I also know it is possible. I had a roommate once that started out as a great friend. We laughed and chatted and loved hanging out together. I was her person and she was mine. And then things got rocky. I think it happened before we noticed, and by the time we did, it was too awkward to repair. And had it not been for her, we probably would have parted ways without speaking and never fixed the problem. But she came to me and said what we were doing wasn't good or right or healthy, and we needed to find a way to fix it. And we did.

And I'm so glad, because that roommate was my friend Angela. The one who died of cancer a year and a day before I got married. The one whose life I honored by keeping my promise to make her a bridesmaid even after her death. I'm glad I don't have from now until forever to spend wishing I'd talked to her. I'm glad she took the first step to repairing the damage we both created.

Because of what she taught me, I'm determined to not stop talking to Ryan. I'm determined - we are determined - to make this communication thing a priority. To talk when we're crazy happy and dreams are tumbling over each other and to talk when we're crazy confused and we just talk in circles without arriving at any solution. At least we're hand-in-hand in our circles.

I'm grateful. Grateful he makes it a priority too and grateful for the chance to have a relationship based in open, safe communication.

For those of you who are married {and still wanting to chuck something at me because you haven't been able to live this kind of communication yet}...I hope, hope, hope the two of you can climb out of the silence and into the land of freedom to speak and still be loved. And for those of you who aren't married yet, can I urge you to make this a huge priority when you do find the forever relationship? Can I plead with you to make talking the safest place?

As for now, it appears I have to be done because someone else has taken my spot on the therapist's couch....and she seems a bit clammed up.



5 comments:

Mark Allman said...

What a great story of a friendship redeemed.

Elisa said...

Derek and I love to talk and I so appreciate that about him too. He is a HUGE support and encouragement in my life!! God has given me more than I deserve through Derek :)

Unknown said...

You are blessed indeed!! My husband is typical male in the communication department, but I have found that if conversations need to happen, initiating them when he is busy doing something else that doesn't require focus is best. Talking to him while he's in the shower and I'm getting ready or when he's driving...not while he's watching the Colts or Hoosiers or when he's on the computer or reading. :) He becomes a wonderful communicator if I'm smart in the timing!

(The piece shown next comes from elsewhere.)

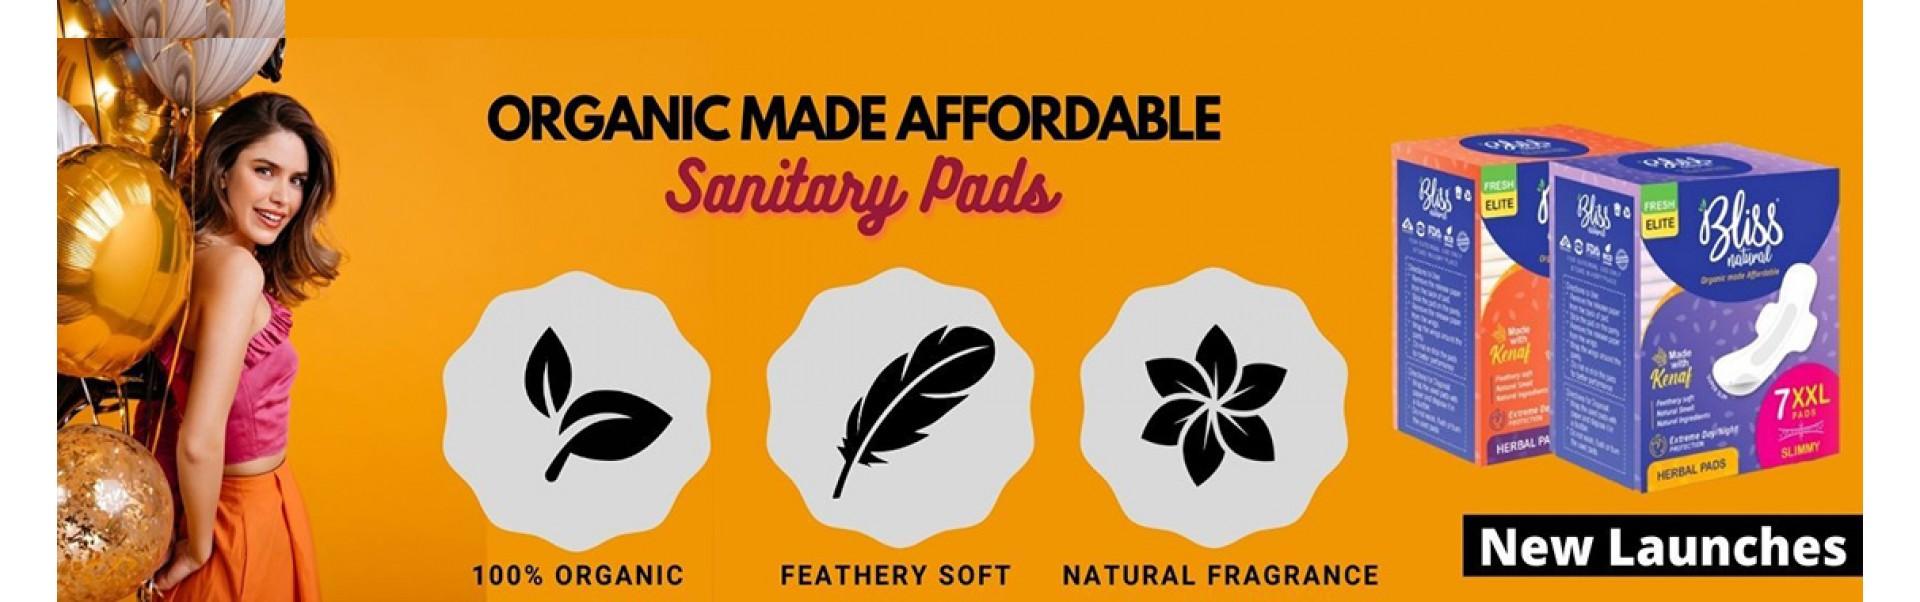 Organic biodegradable Sanitary Bliss Pads

If women would take the time to understand how the male brain works, they would far less frustrated when they realize it isn't personal! Men are just different from women :) I'm happy for you that you don't have to face that frustration with your hubby when it comes to communication.

Bekah said...

Mark - Yes, I am so thankful it was!

Elisa - You guys are just so stinkin' cute! I'm so glad that God paired you two up!

Tia - I am SO GLAD YOU COMMENTED! This is such great perspective. I'm so thankful that instead of just shutting down and NOT talking, you've both found ways to communicate in times and ways that work for you! Not as a means of manipulation but just as a way that works!! Thanks for this great example!!!

Natasha said...

I think this is my favourite line in this post, although it was hard to choose just one: "I've got him and he's got me."

Dave and I built our relationship on talking, talking, and more talking, and although the talking is more frustrating in this current stage (two young kids who interrupt and talk CONTINUOUSLY), we still manage to talk.

I know we need to sit and have good conversation when we're both feeling a little grumpy and irritable :) Those are the symptoms and a good conversation is the cure!